• _Extracted records_
------------------------------------------------

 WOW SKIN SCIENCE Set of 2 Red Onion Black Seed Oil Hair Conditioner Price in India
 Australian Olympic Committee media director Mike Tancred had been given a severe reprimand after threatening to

------------------------------------------------

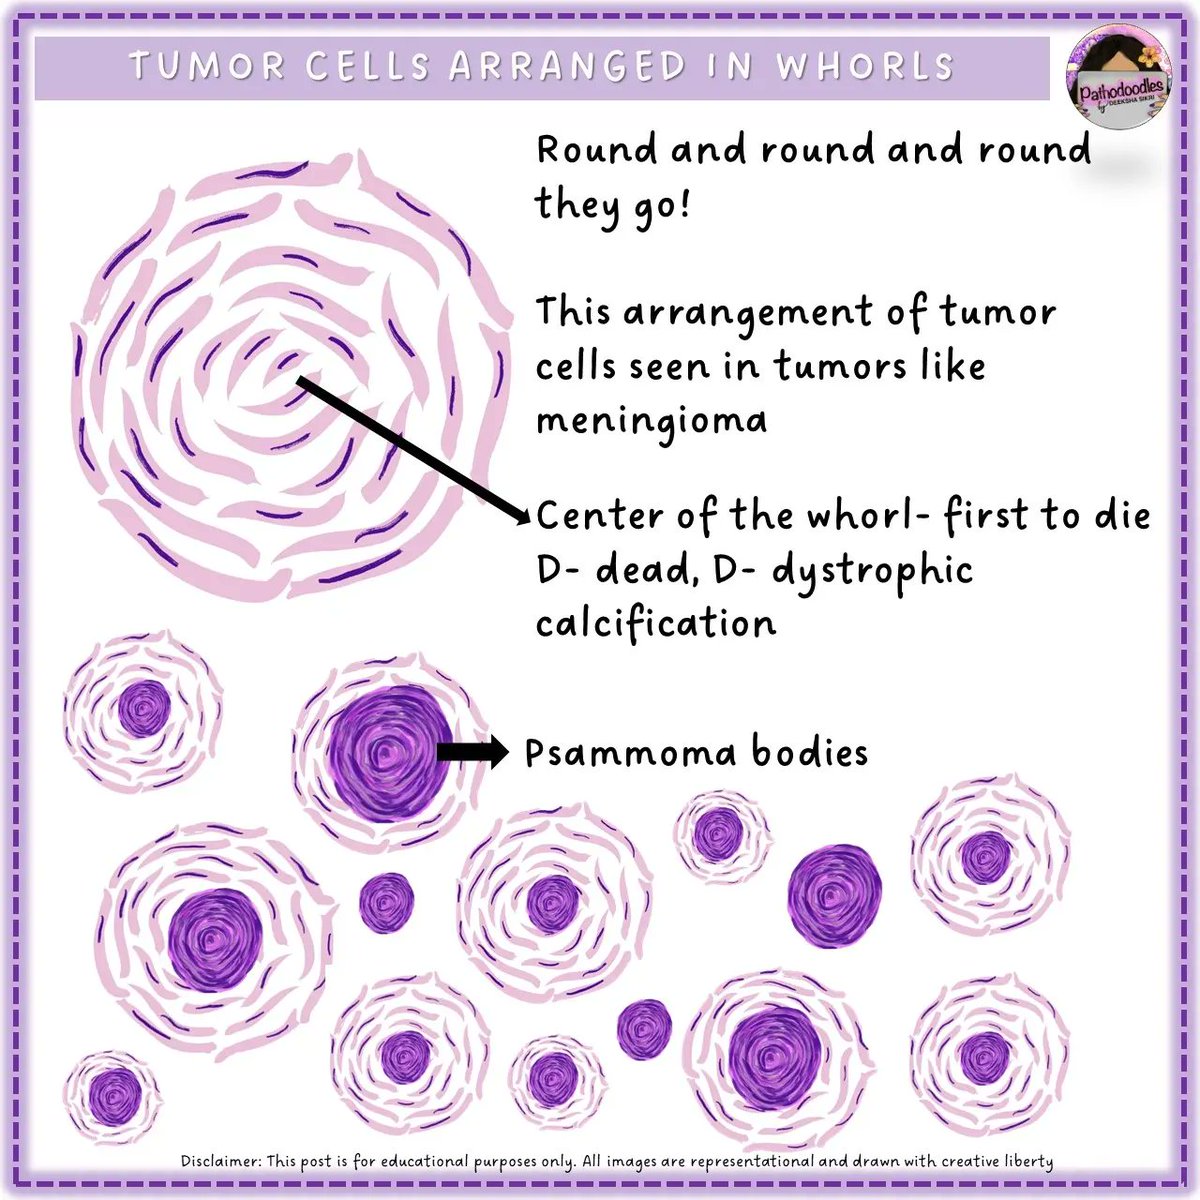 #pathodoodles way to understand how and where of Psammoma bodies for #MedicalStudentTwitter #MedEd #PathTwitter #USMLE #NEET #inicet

------------------------------------------------

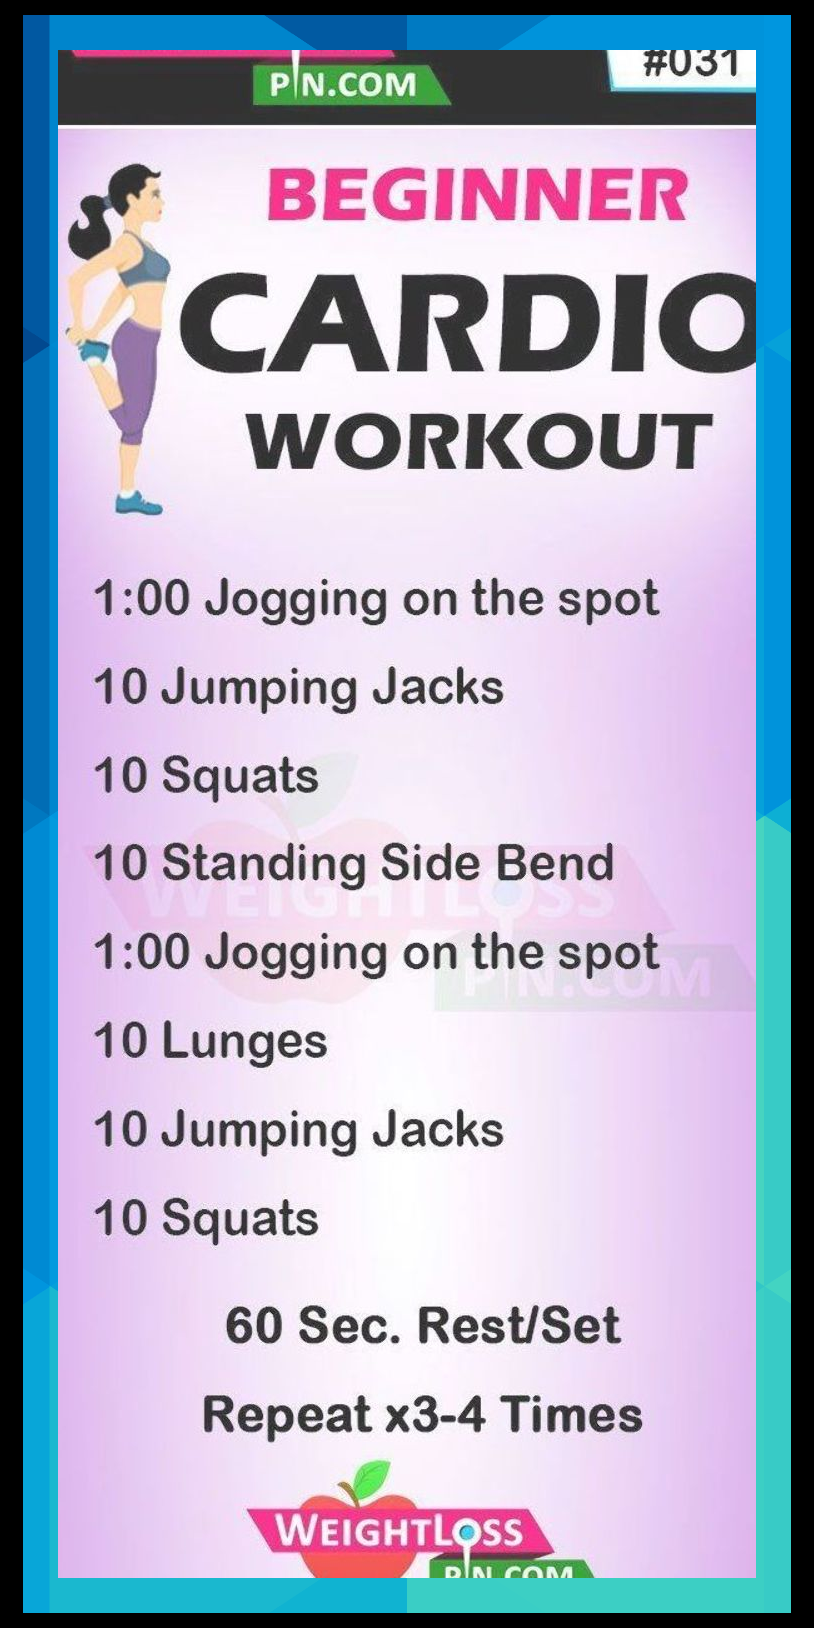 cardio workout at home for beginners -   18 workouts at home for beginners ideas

------------------------------------------------

• _What you have to do_
What you return should be exactly the lines above, starting at the one with "WOW SKIN SCIENCE" and ending at the one with "Australian Olympic Committee", and nothing else.

• _Response_
 WOW SKIN SCIENCE Set of 2 Red Onion Black Seed Oil Hair Conditioner Price in India
 Australian Olympic Committee media director Mike Tancred had been given a severe reprimand after threatening to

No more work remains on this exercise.